> _What you should do_: Copy out each line of the material exactly. Pictures do not belong in the copy.

> _Data segment_:
============

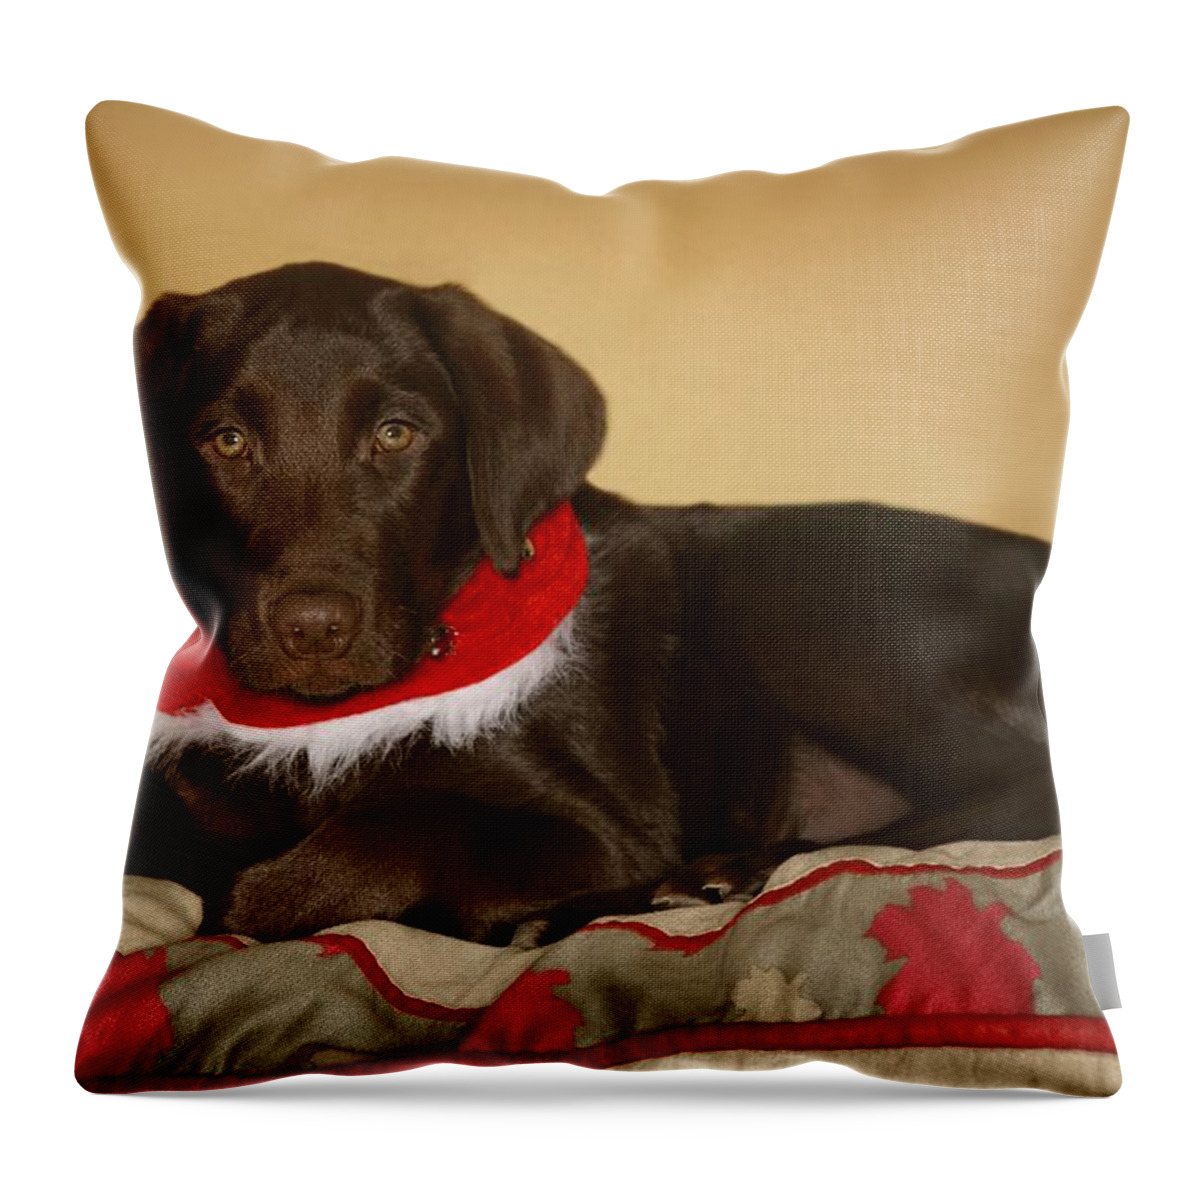 Animals Throw Pillow featuring the photograph Dog With Christmas Collar by Leah Hammond
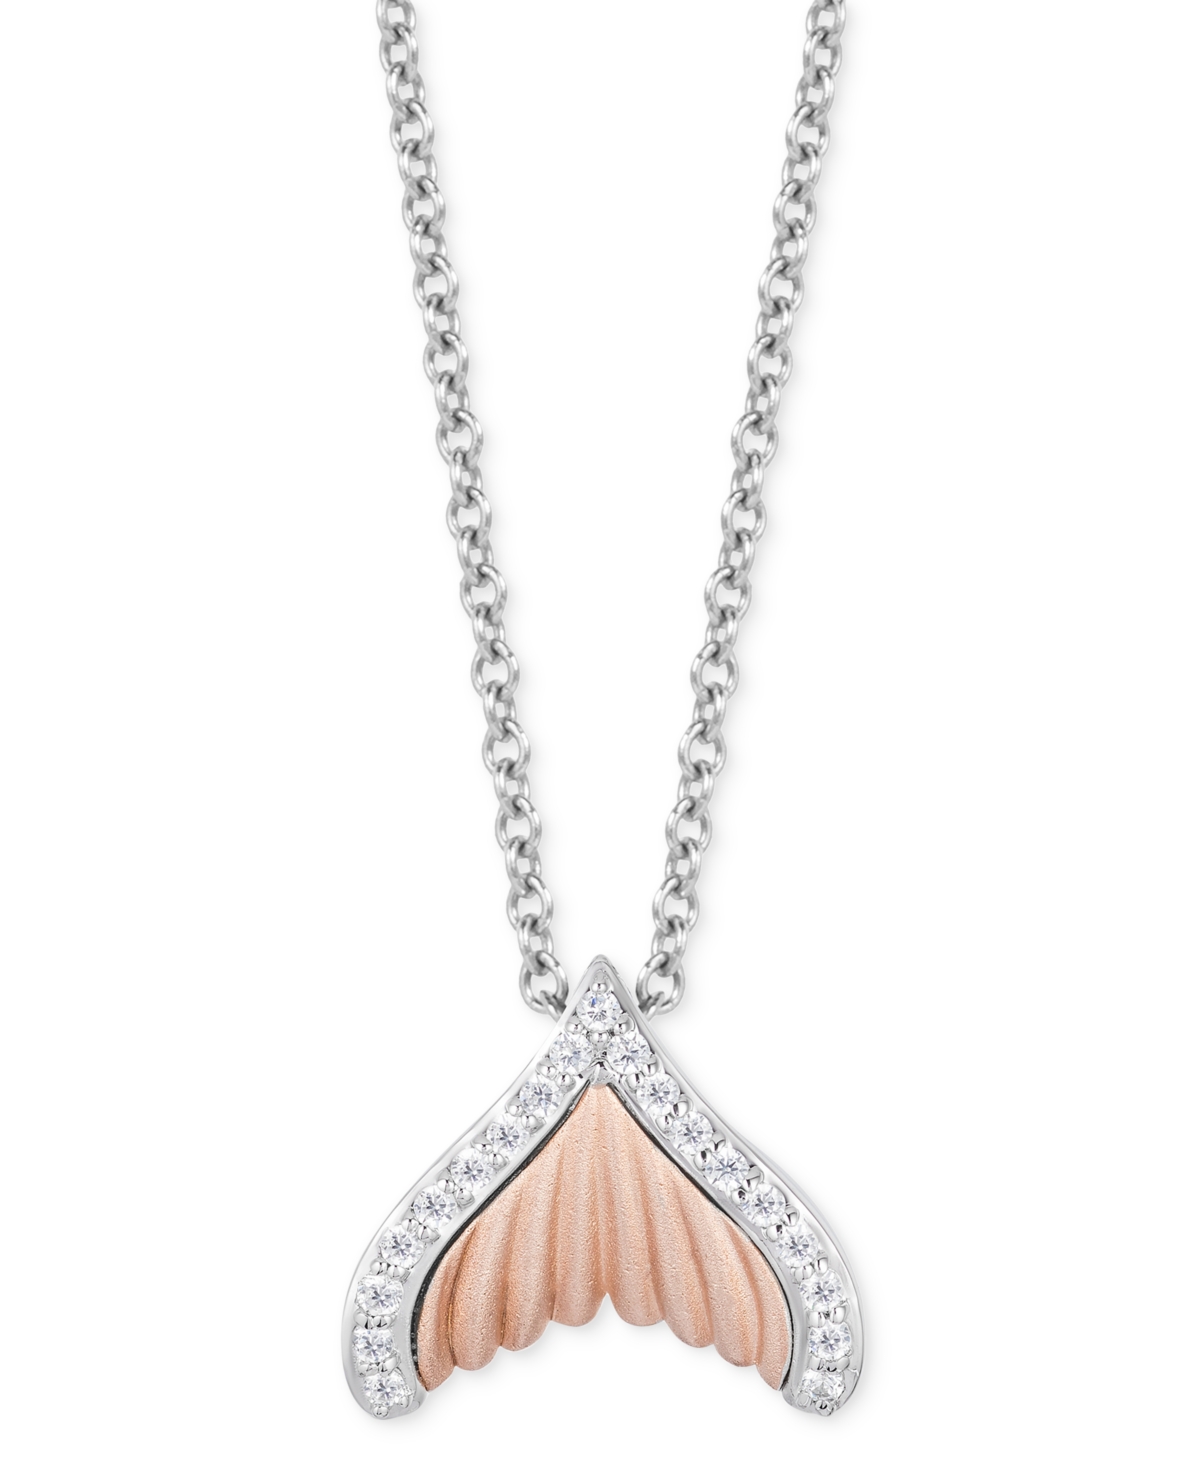 Diamond Ariel Mermaid Tail Pendant Necklace (1/6 ct. t.w.) in Sterling Silver & 10k Rose Gold - Two-Tone
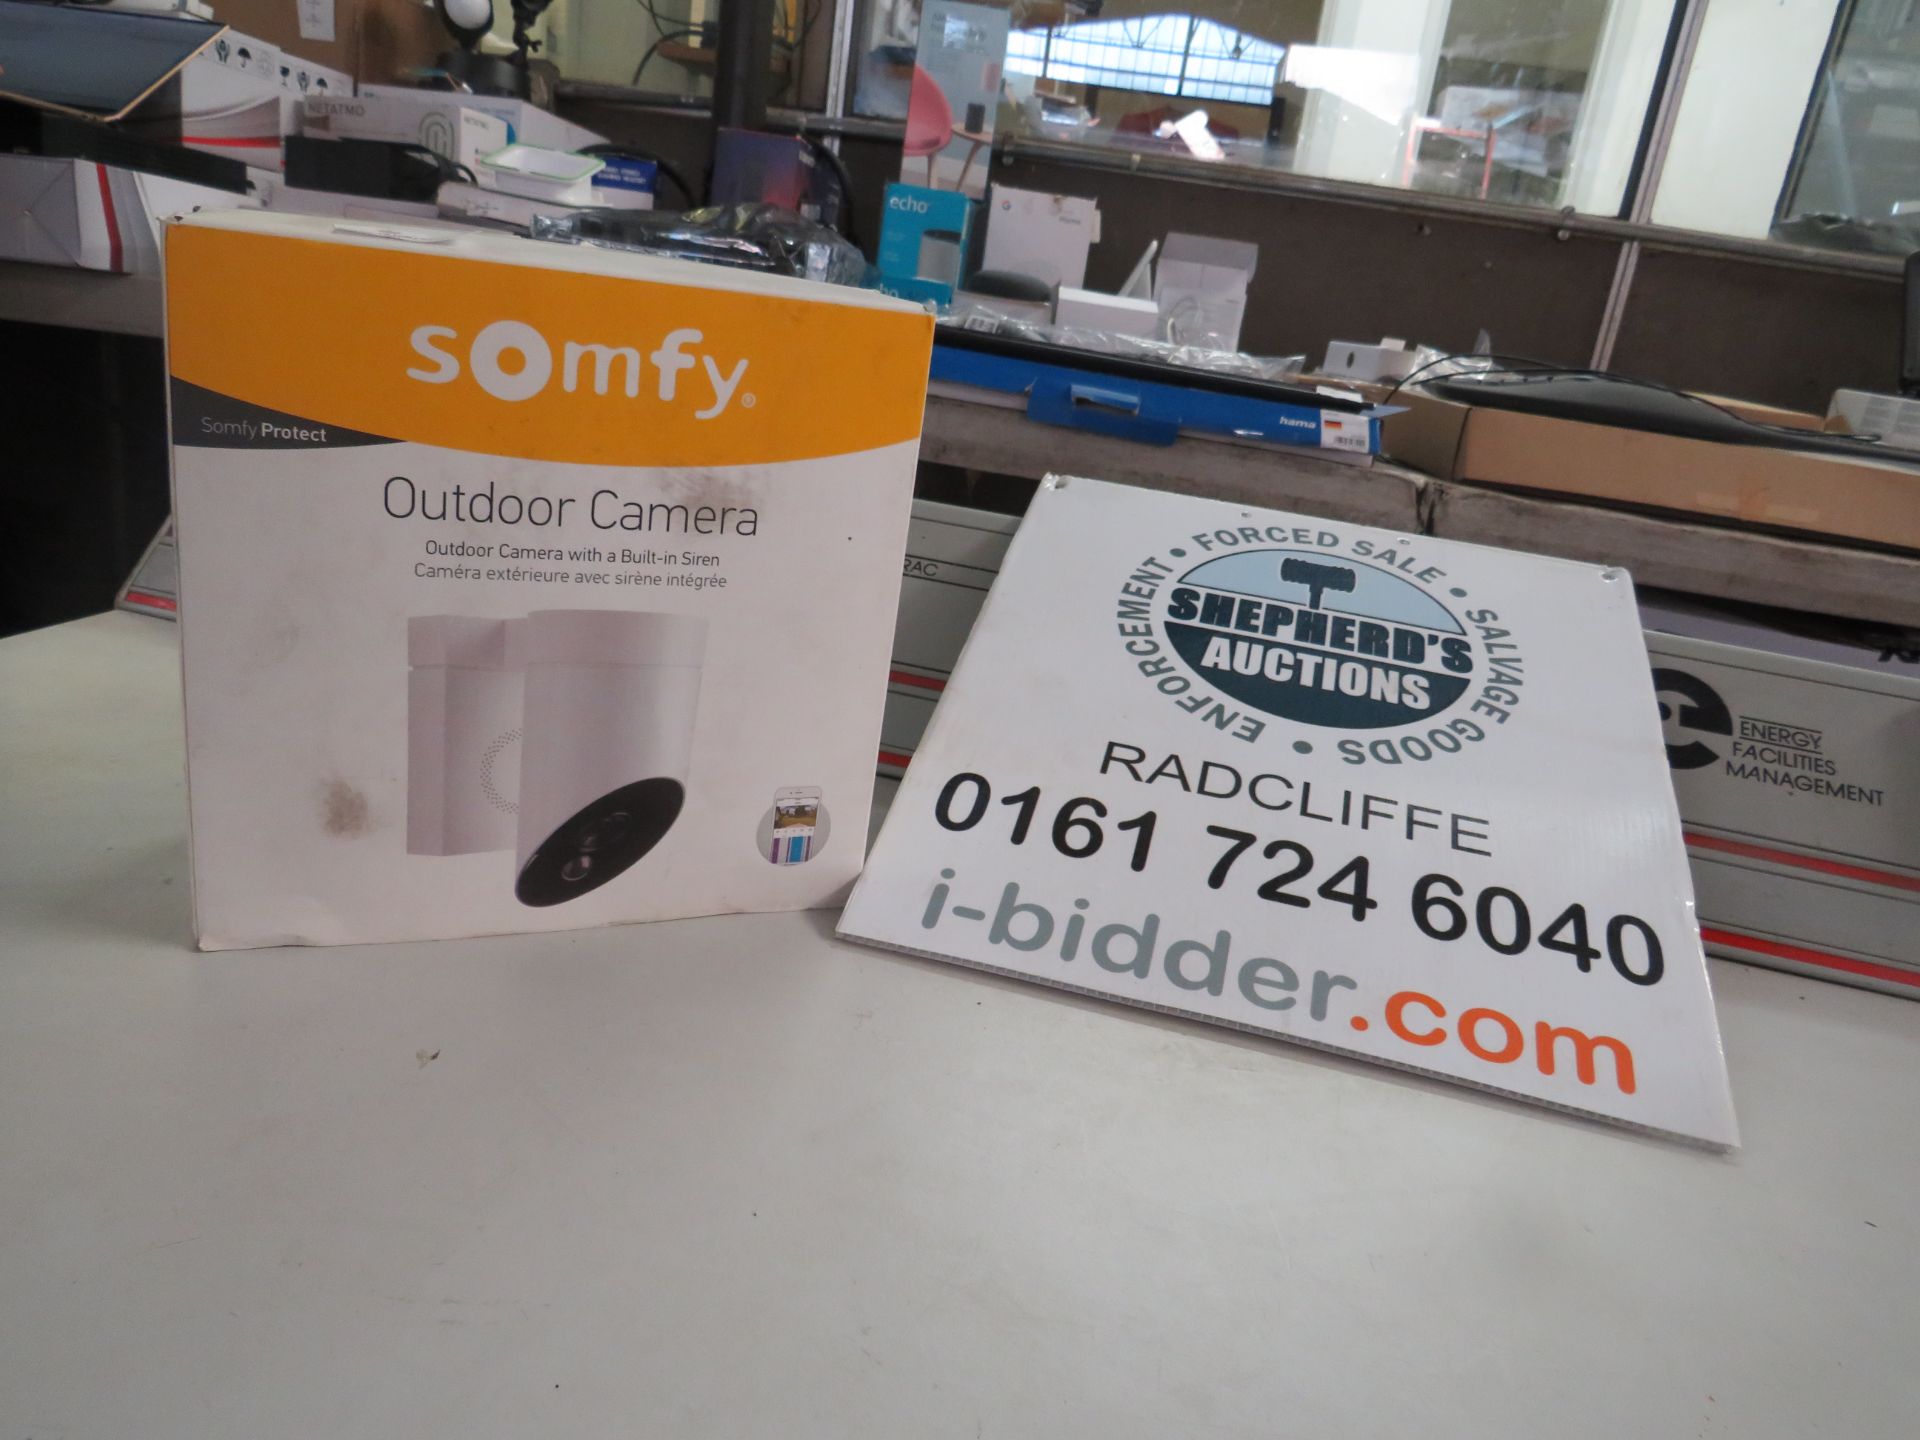 Somfy Outdoor camera with siren built in, unchecked as it would need wiring in, comes in original

============

> _Answer box_:
 Animals Throw Pillow featuring the photograph Dog With Christmas Collar by Leah Hammond
 Diamond Ariel Mermaid Tail Pendant Necklace (1/6 ct. t.w.) in Sterling Silver & 10k Rose Gold - Two-Tone
 Somfy Outdoor camera with siren built in, unchecked as it would need wiring in, comes in original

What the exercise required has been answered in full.